House Republicans and Democrats agreed Thursday to dismantle the Immigration and Naturalization Service, which has come under intense criticism since the Sept. 11 attacks.

Under their plan, the INS would be replaced by separate bureaus for enforcement of immigration law and for providing immigration services. The bureaus would report to an assistant attorney general for immigration affairs, who would be the No. 3 official in the Justice Department.

"This agreement will allow Republicans and Democrats in Congress, in concert with the Bush administration, to work together on fundamentally dismantling the INS," said Rep. James Sensenbrenner, who chairs the House Judiciary Committee, which has oversight of the INS.

The plan combines two bills, one sponsored by Sensenbrenner, R-Wis., and Rep. George Gekas, R-Pa.; the other by Michigan Rep. John Conyers, the Judiciary Committee's senior Democrat, and Rep. Sheila Jackson Lee, D-Texas.

"We want this to be a comprehensive response to the disaster of immigration affairs," Lee said.

The INS has been criticized for years because of long backlogs of applications for benefits such as naturalization or permanent residency. INS supporters and critics say the agency is burdened with conflicting missions to help immigrants enter and stay in the country and to identify and keep out those who try to enter illegally or who may pose a danger.

The terror attacks exposed some of the agency's deficiencies in tracking foreign visitors. Attorney General John Ashcroft said the attacks added new urgency to INS restructuring, and Commissioner James Ziglar set out to create clearer divisions between INS benefits and enforcement duties while keeping the agency intact.

Pressure for more sweeping change intensified in the last two weeks after student visa paperwork for two Sept. 11 hijackers were delivered to a Florida flight school six months after the attacks. President Bush said he was "plenty hot" after learning of the blunder, and this week his domestic security team recommended the INS and Customs Service be merged to create a single border control agency.

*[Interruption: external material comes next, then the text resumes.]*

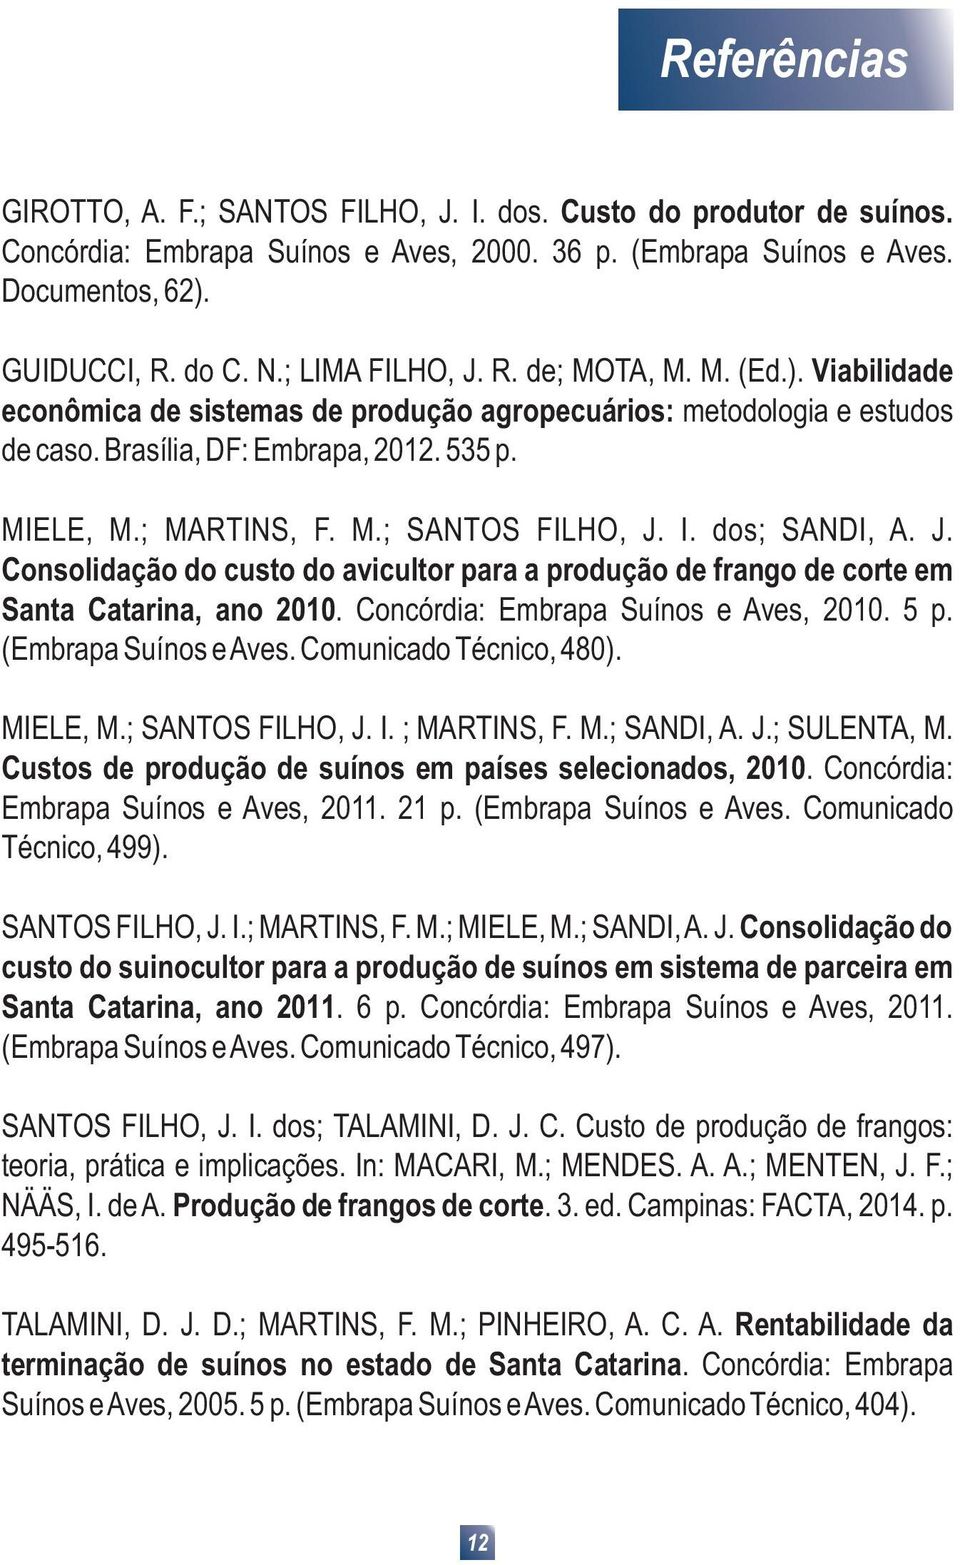 I. dos; SANDI, A. J. Consolidação do custo do avicultor para a produção de frango de corte em Santa Catarina, ano 2010. Concórdia: Embrapa Suínos e Aves, 2010. 5 p. (Embrapa Suínos e Aves.

White House spokesman Taylor Gross said Bush agrees major change is needed and will work with Congress.

Sen. Edward M. Kennedy, D-Mass., is preparing to introduce INS reform legislation in the Senate. His bill would split the INS into two agencies. Rather than an assistant attorney general in the Justice Department, Kennedy wants an independent administrator appointed by the president to oversee the separate immigration bureaus.

"This is not the time to diminish the authority of the person running the nation's immigration agency," said Stephanie Cutter, Kennedy's spokeswoman. "We need to maintain strong overall leadership to ensure uniformity and decisive action in a crisis. The House legislation does not provide for that leadership."